Motor Pathways: Upper and Lower Neurons

Questions and Answers

Which of the following best describes the role of the basal ganglia in motor function?

• Direct influence on movement via projections to the brainstem and spinal cord.
• Precise coordination of motor actions with proprioceptive feedback.
• Modulation of sensory input to influence movement indirectly.
• Initiation and acceleration of _voluntary_ movements while suppressing extraneous movements. (correct)
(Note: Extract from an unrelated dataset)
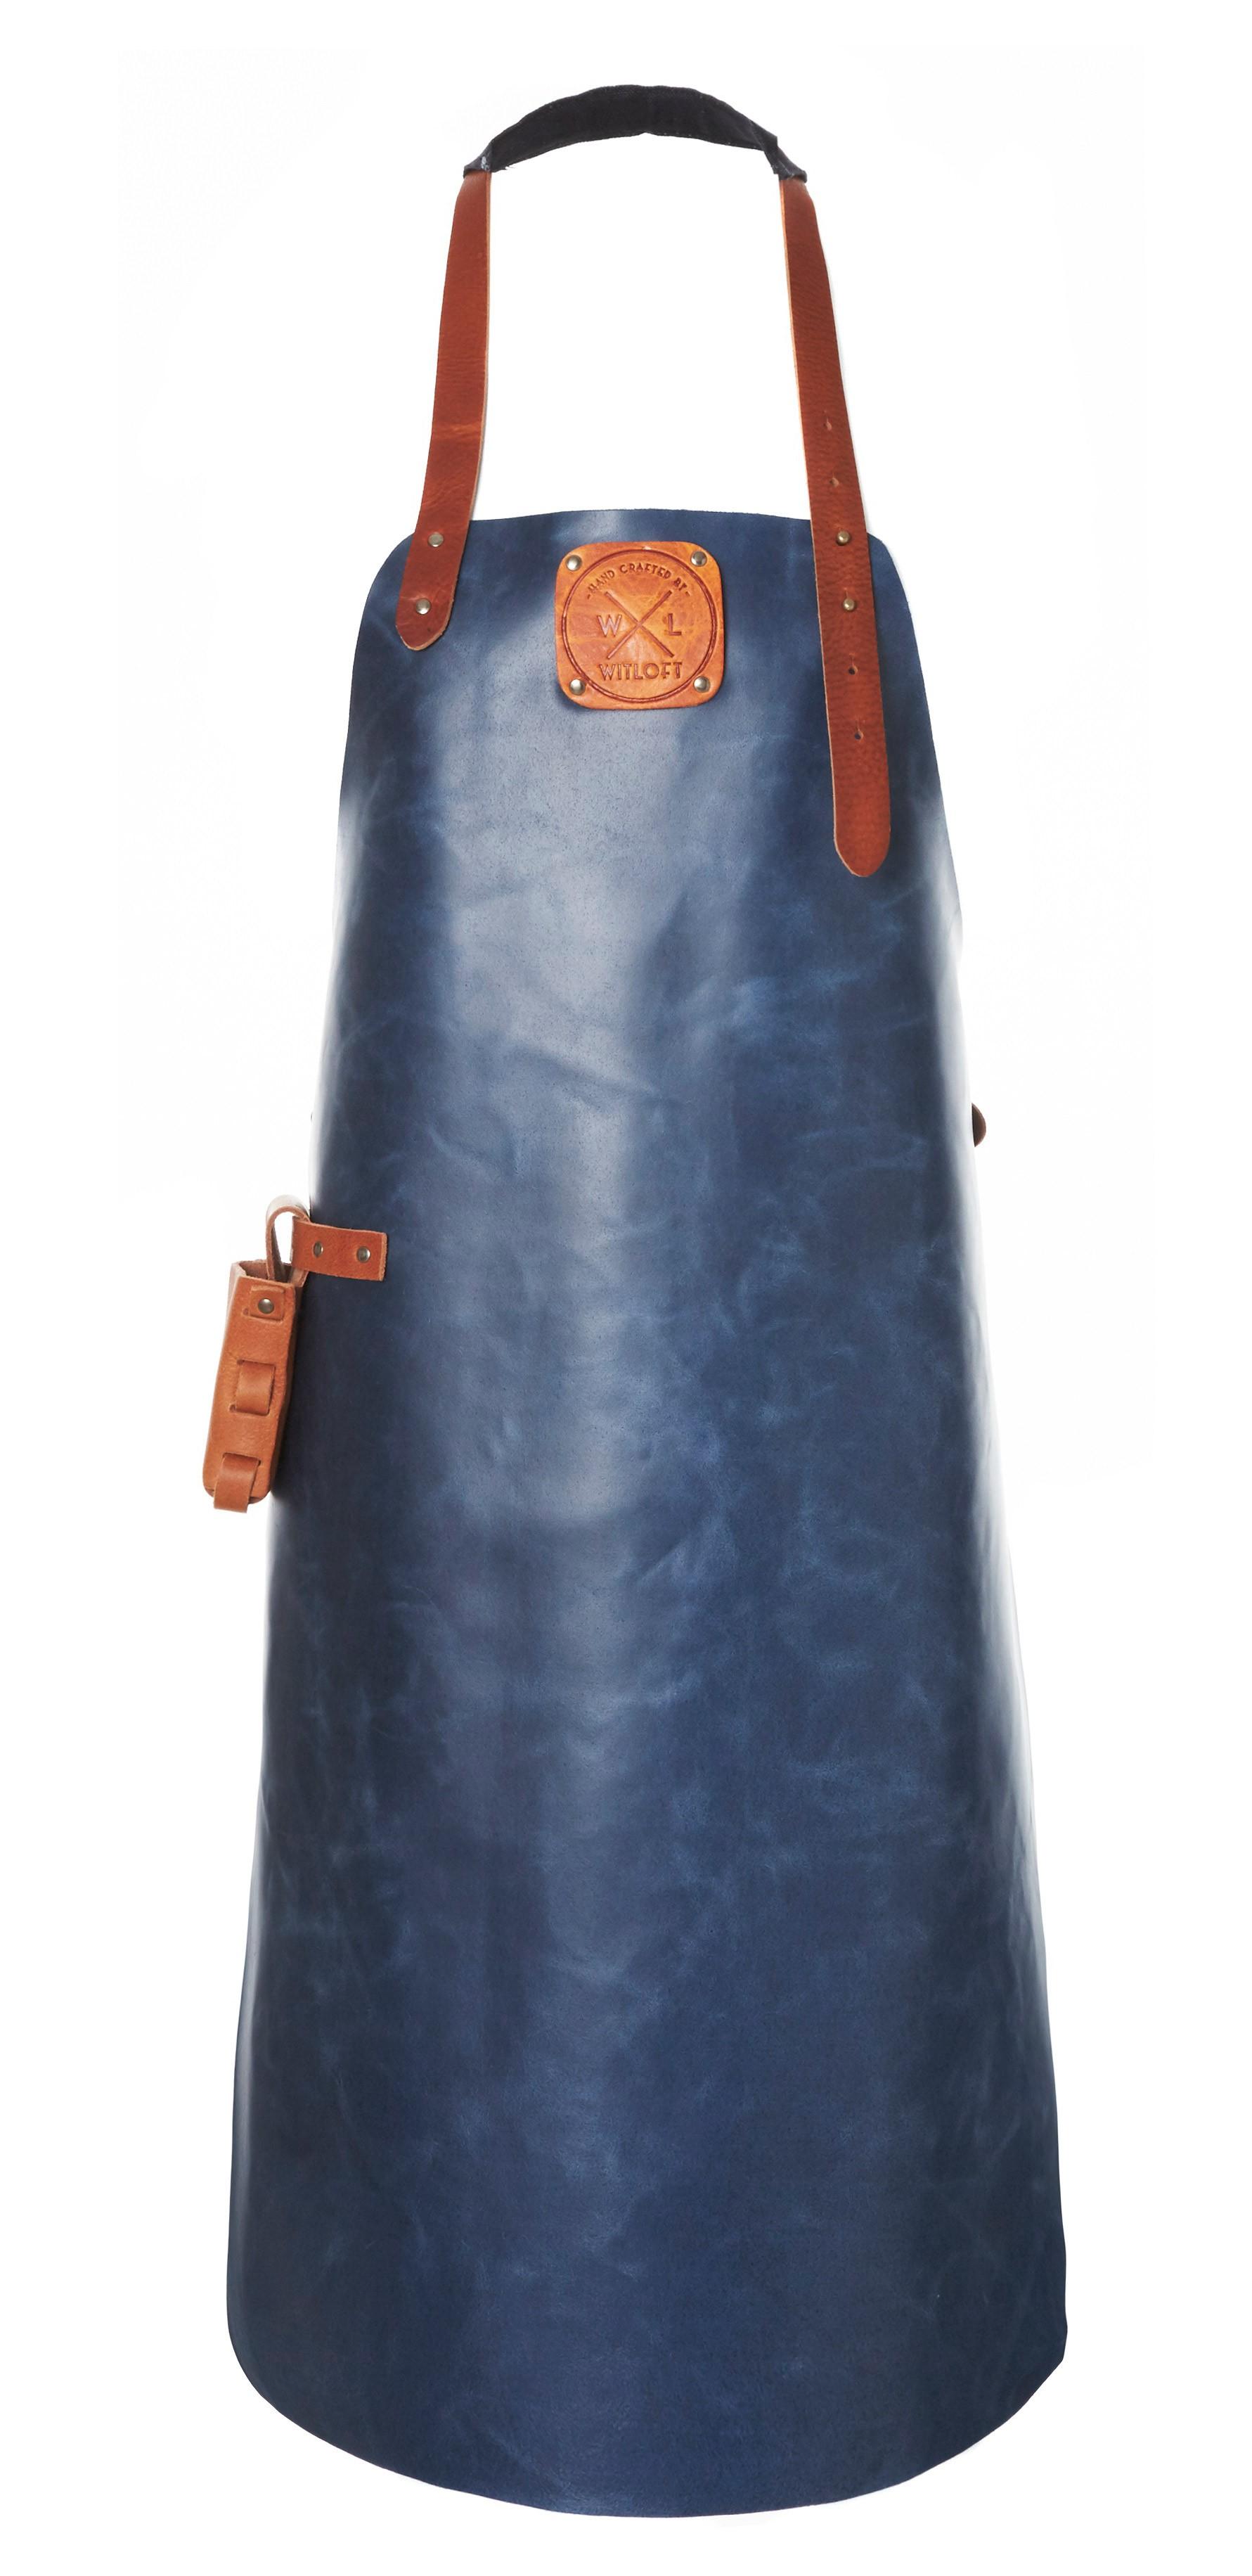 Witloft Grillschürze / Lederschürze Navy/Cognac Größe L Bild 1

A patient presents with an inability to perform rapid alternating movements (dysdiadochokinesia). Which of the following areas is most likely affected?

• Supplementary Motor Area
• Primary Motor Cortex
• Cerebellum (correct)
• Basal Ganglia

What is the primary function of the anterior corticospinal tract?

• Motor control of the head via cranial nerves
• Control of distal limb muscles for fine, skilled movements
• Control of axial muscles (neck, shoulder, and trunk) (correct)
• Influence posture and balance

Which of the following is a characteristic sign of an Upper Motor Neuron (UMN) lesion?

Hyperreflexia (A)

The lateral corticospinal tract is primarily responsible for which type of motor control?

Precise, voluntary movements of the distal extremities (B)

A lesion in the posterior limb of the internal capsule is most likely to affect the blood supply from which artery?

Middle cerebral artery (A)

In the context of motor control, what is the primary role of the premotor cortex (PMC)?

Planning and sequencing complex movements (B)

Which of the following best describes the function of the vestibulospinal tract?

Posture and balance, excitatory to antigravity muscle groups (C)

What is the significance of the pyramidal decussation in the context of the corticospinal tract?

It is the site where most corticospinal axons cross to the contralateral side. (C)

A patient exhibits an extensor plantar response (Babinski sign). Which of the following pathways is most likely damaged?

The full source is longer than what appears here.